Porque é também no silêncio que se encontra a esperança — e a esperança está acima de qualquer paranóia. Eis a atitude ética que Thomas Pynchon toma entre a sua vida envolta em sombras e a sua obra iluminadora, ao decidir não dar declarações auto-explicativas, entrevistas auto-indulgentes, fotos auto-apreciadoras ou textos que servem somente para conquistar um pouco de auto-afirmação. São seus livros que devem falar pelo que são — como símbolos de uma alma que se abre para o divino, mas não se esquece do que acontece aqui na Terra. Tal literatura, apesar de seu mistério, não é feita numa torre de marfim, muito menos para alguém que vive numa torre de marfim.
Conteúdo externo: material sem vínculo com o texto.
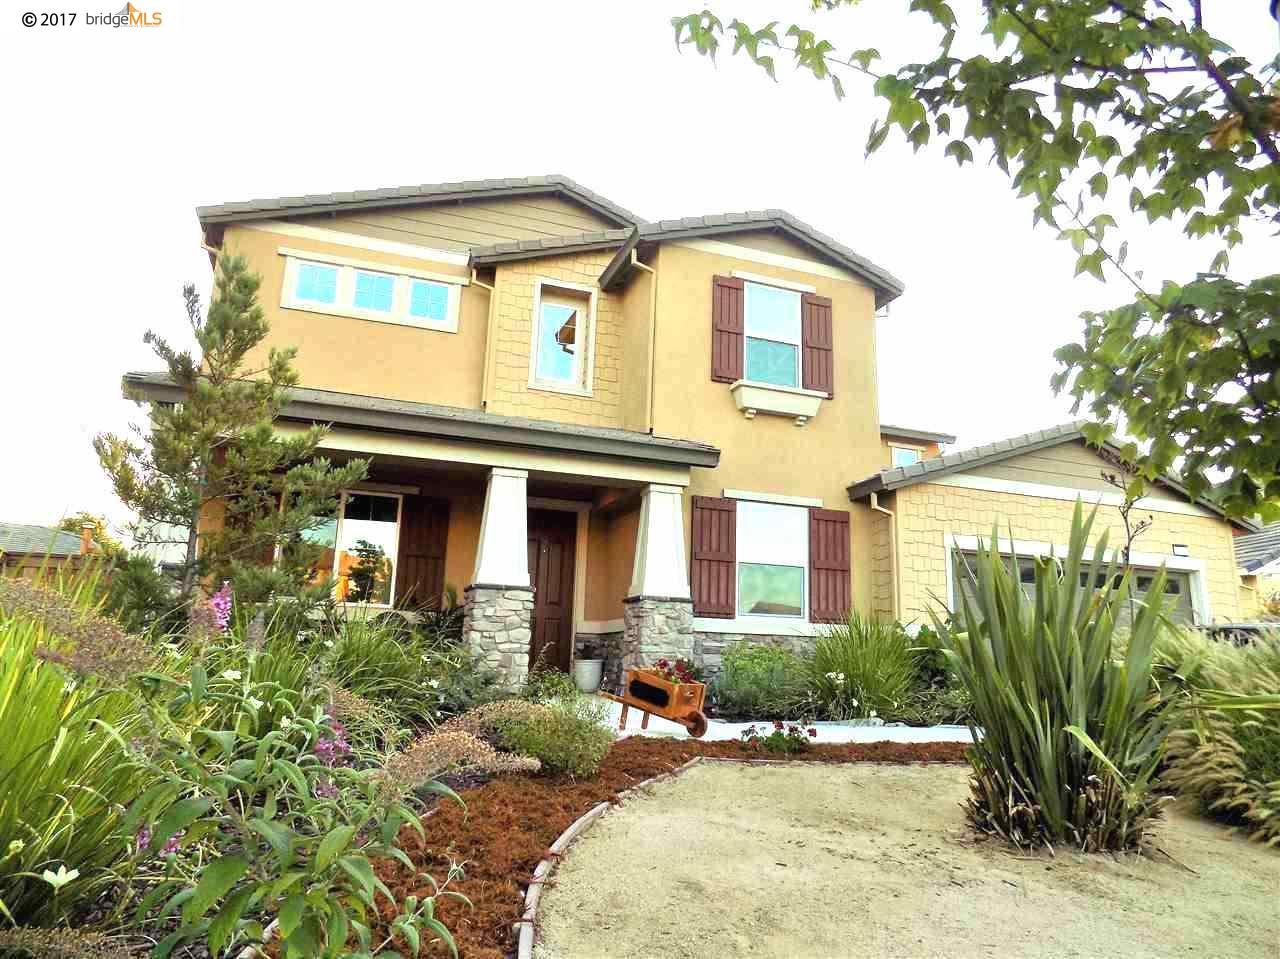 105 Muir Ct, OAKLEY, CA 94561

Aliás, nenhuma literatura que se preza é feita e lida em torres de marfim, uma vez que o escritor deve captar as contradições da realidade, mesmo que elas sejam decifradas pelos leitores muitos anos depois. Para muitos, a realidade, com suas mil e uma cabeças, é impiedosa demais — e esta crueldade está em cada página da obra de Thomas Pynchon, este agente secreto que contrabandeia a recuperação da literatura para o mundo contemporâneo, como um dos meios para restaurar a fé e a esperança em nós mesmos.
[1] Já havia esboçado essas mesmas idéias em relação à obra de Pynchon no texto O triunfo da paranóia, mas agora lhes dou a forma final.